While Crédit Agricole said the bank would look to “expand” its international retail banking activities, Société Générale would rather “reinvest selectively to strengthen the universal banking model”, for example, and no other retail bank spoken to by RBI pointed to inorganic expansion as a key priority for 2010.

From a customer perspective, the likelihood is that relative personal financial austerity will continue to hold sway into 2010, even as wider economic circumstances improve.

“We believe customers in 2010 will continue the process of paying down debt and rebuilding their level of savings despite the likelihood of the UK’s economy turning the corner out of recession,” said Brendan Cook, general manager of customer propositions at HSBC.

Unsurprisingly, therefore, the prioritising of the affluent customer is set to become ever more crucial to the sustainability of the retail banking business model in 2010. Barclays, for example, intends to “expand our premier banking offering in most of our 14 emerging markets [country units]”, according to Chandra.
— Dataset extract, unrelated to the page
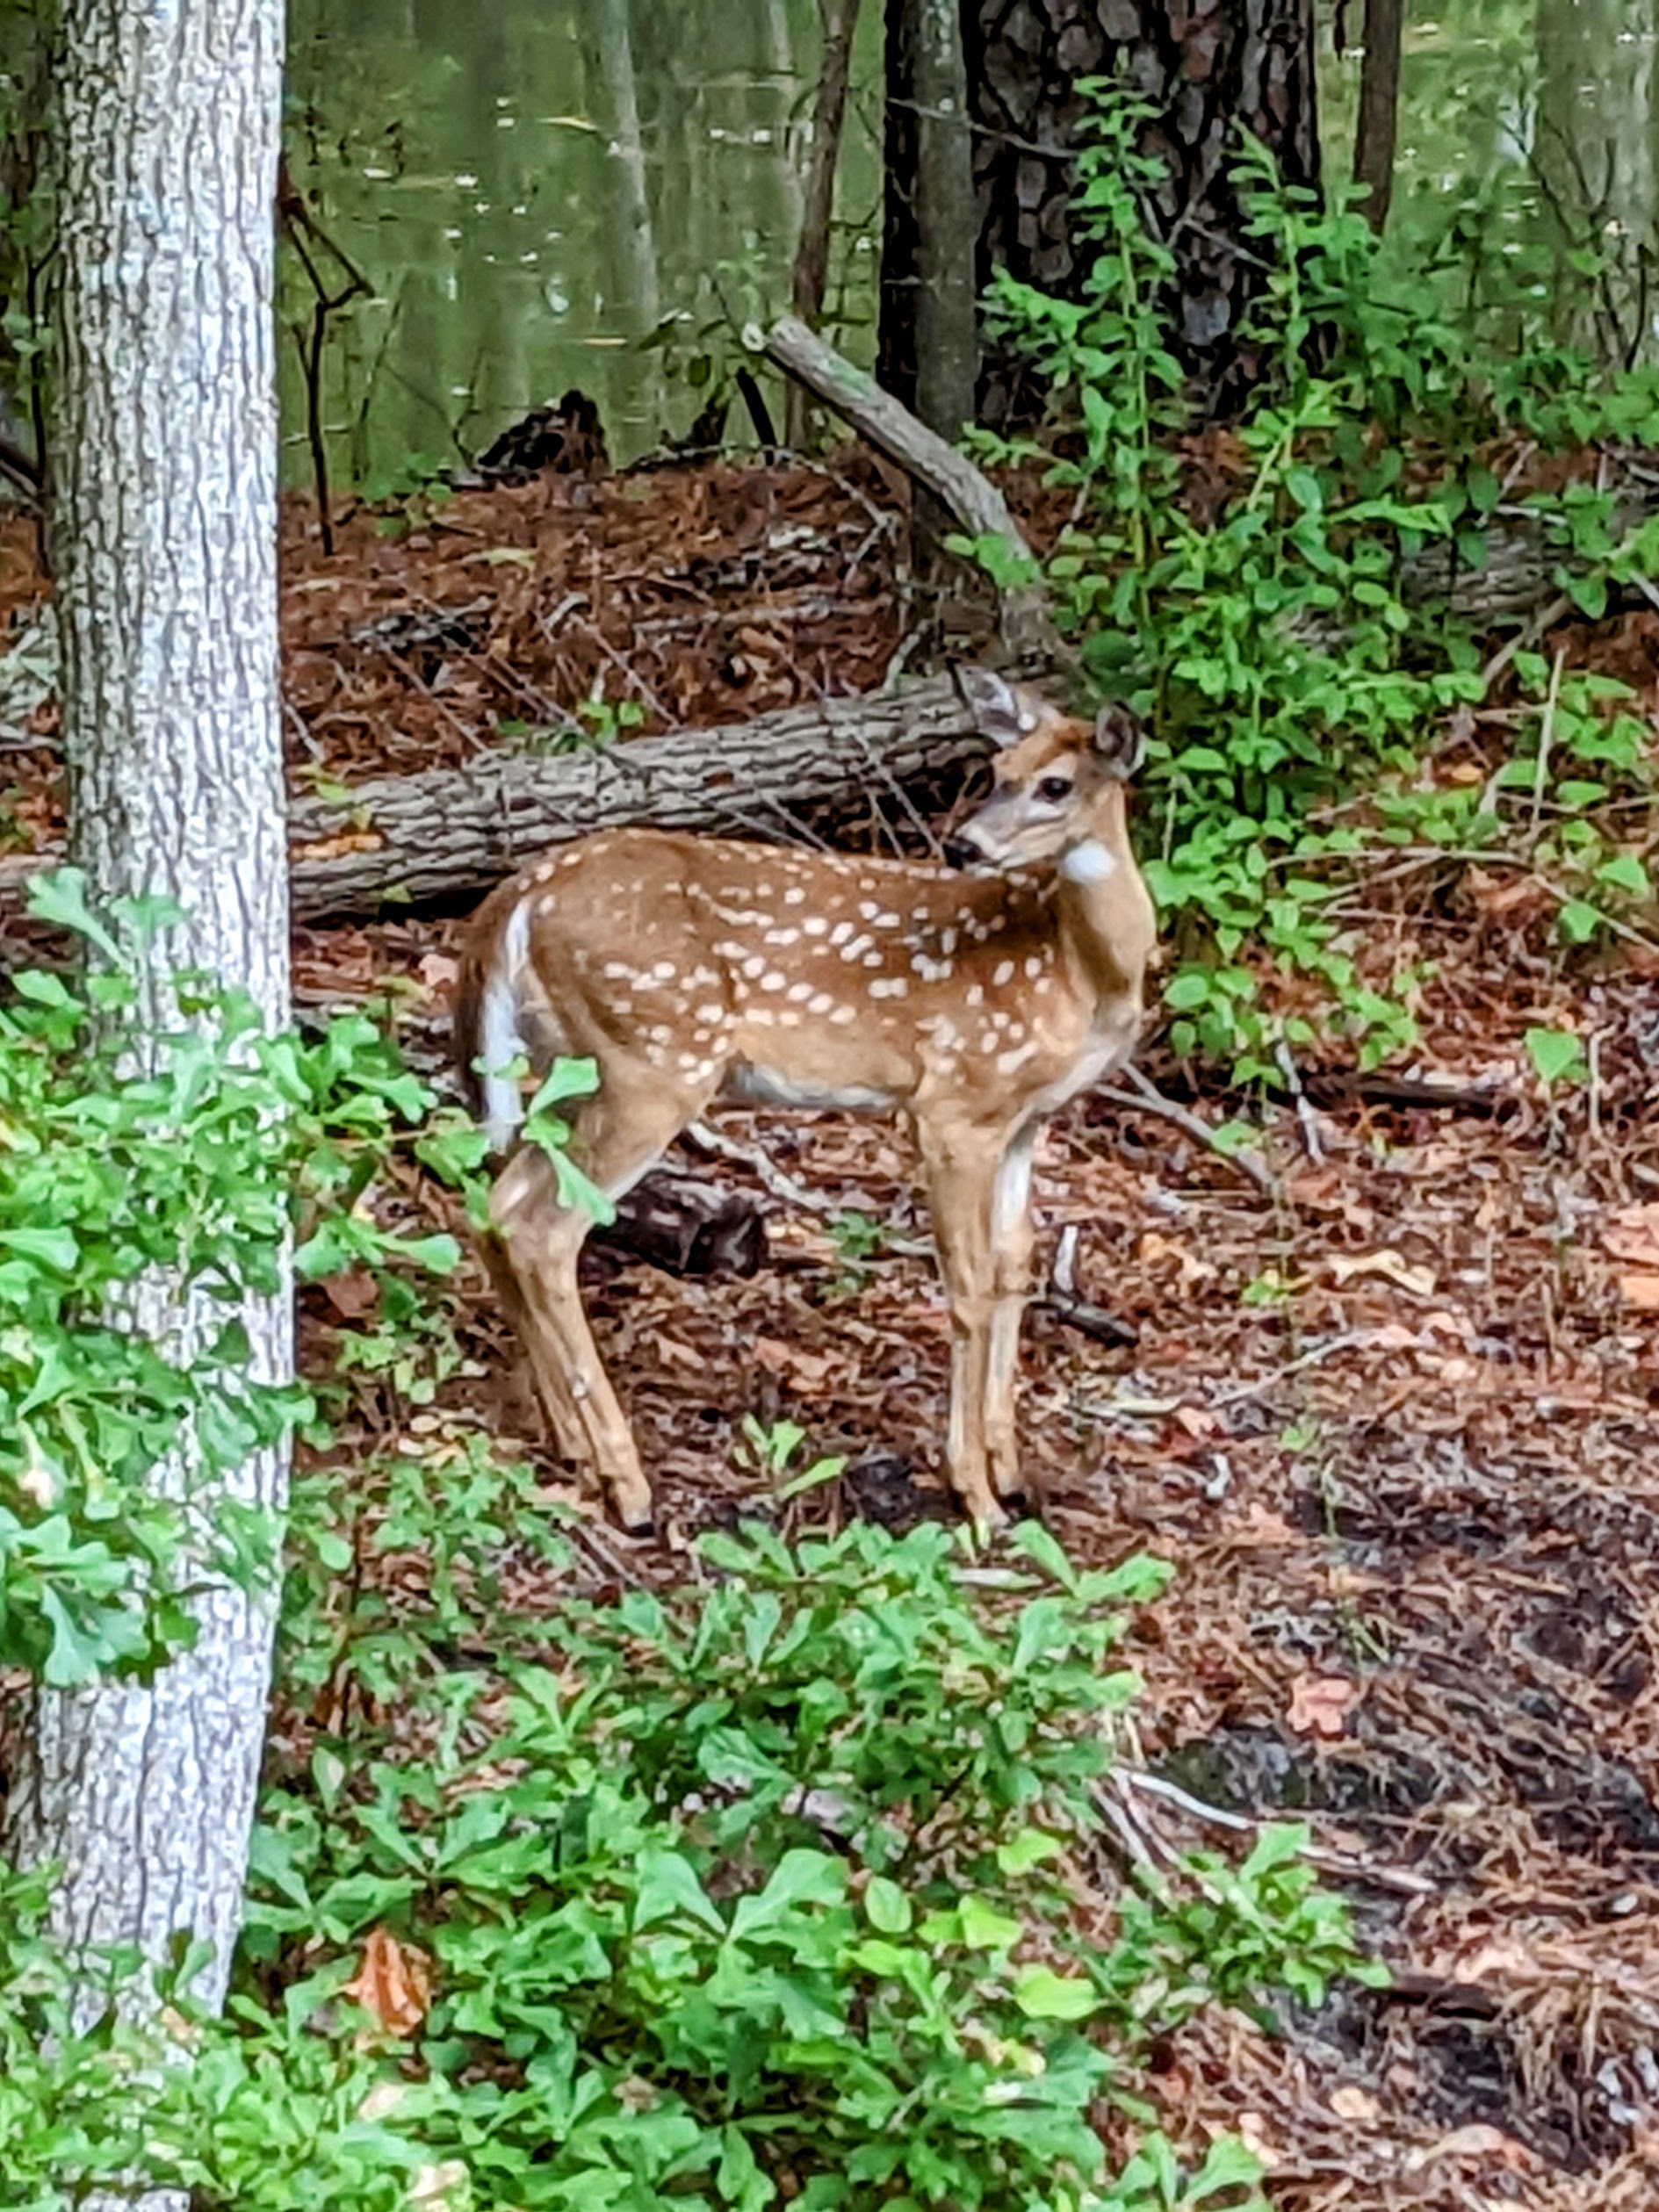 A fawn stands in the woods, looking back amidst the foliage.

The bank to beat in the segment remains HSBC, however. HSBC said in its interim report that the total number of customers in its own ‘Premier’ segment had grown by 23 percent in the 12 months to 30 June; in November the bank said that numbers had surpassed three million for the first time. The offering, now available in 43 countries, is also a valuable acquisition tool. Of the 541,000 customers who joined Premier in the first half of the year, some 68 percent were new to bank.

Cook confirmed that Premier would continue to be a “major focus” for the bank in 2010, but was also quick to point out that the bank had room to grow in other areas: “I also see a great opportunity for HSBC to capture further growth in the UK mortgage market,” he said.
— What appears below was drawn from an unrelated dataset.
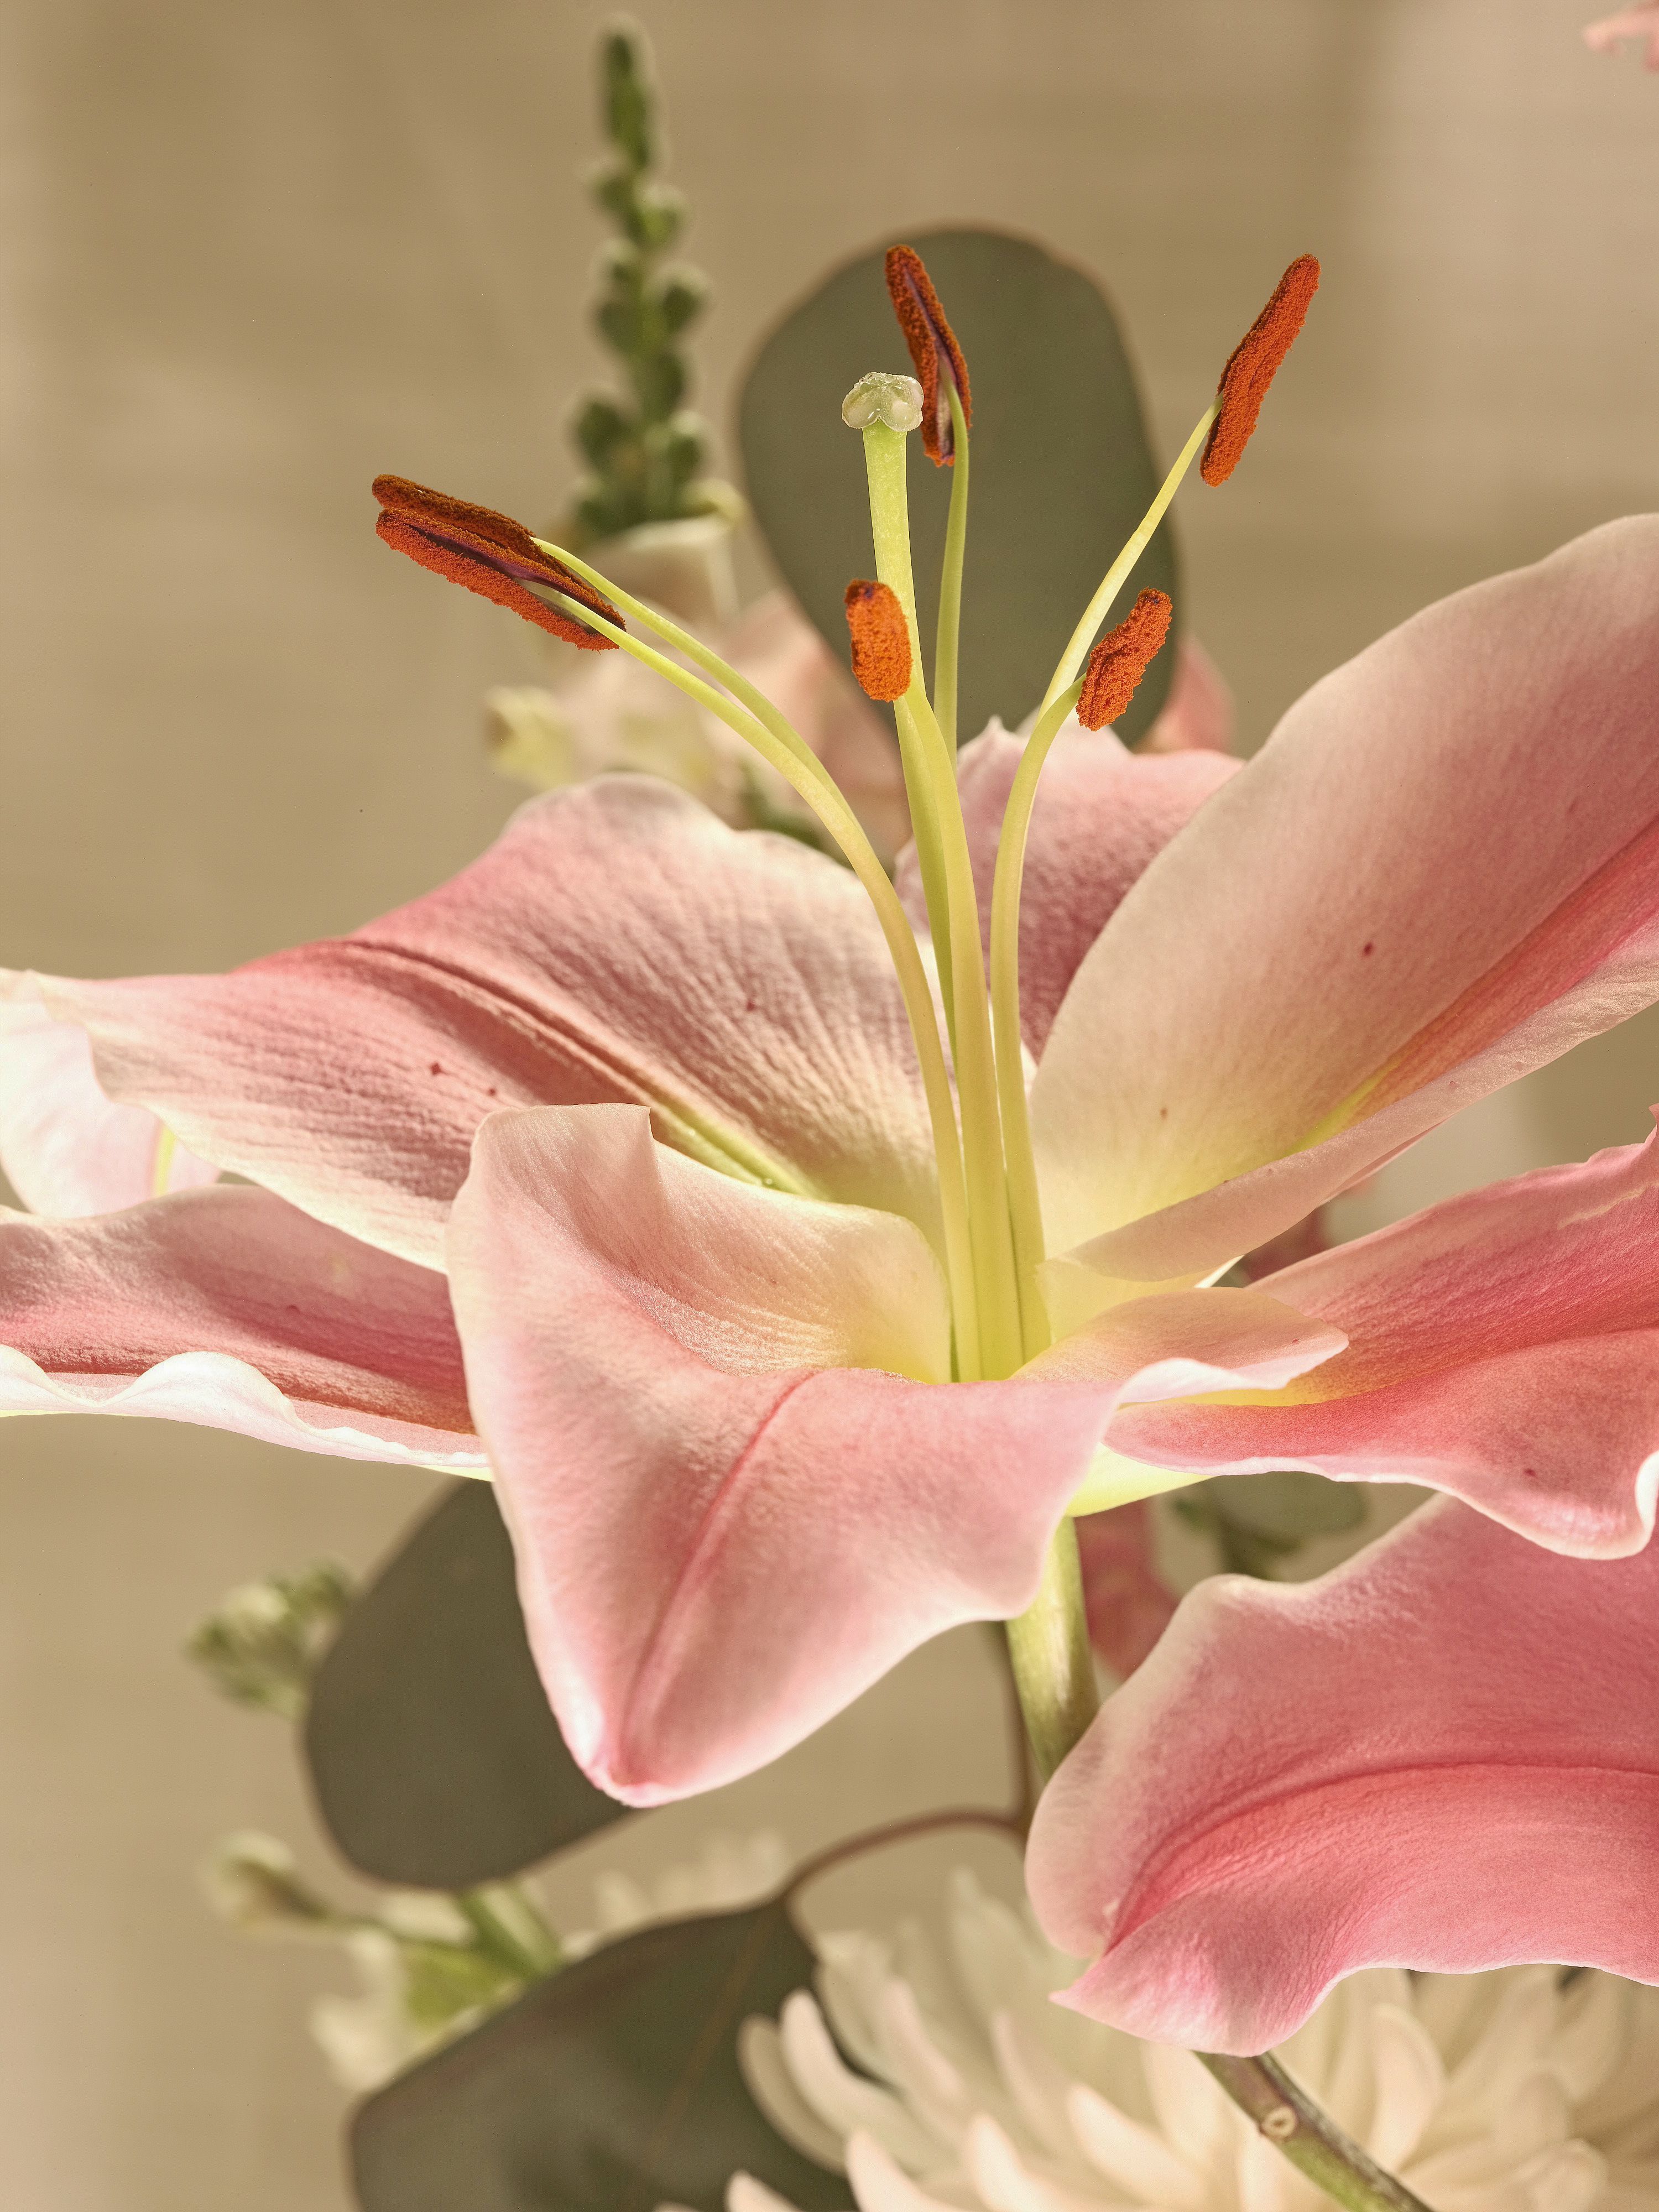 Lilies and assorted floral macro photography in Fort Worth Texas

Mortgages are also on the agenda at TD Canada Trust, which plans to add over 175 business bankers and mortgage specialists in 2009, according to Hockey.

But it is Jiri Skorvaga, deputy CEO of Ceska Sporitelna, the Czech subsidiary of Erste Bank, who perhaps provides the most telling comment: “We are mainly directing our loan offers at our own clients, because we already know a lot about them.

“We are refusing applications from people who are not our clients more often than before”.

In an age of newfound caution, the spectre of the financial crisis continues to haunt the retail banking industry.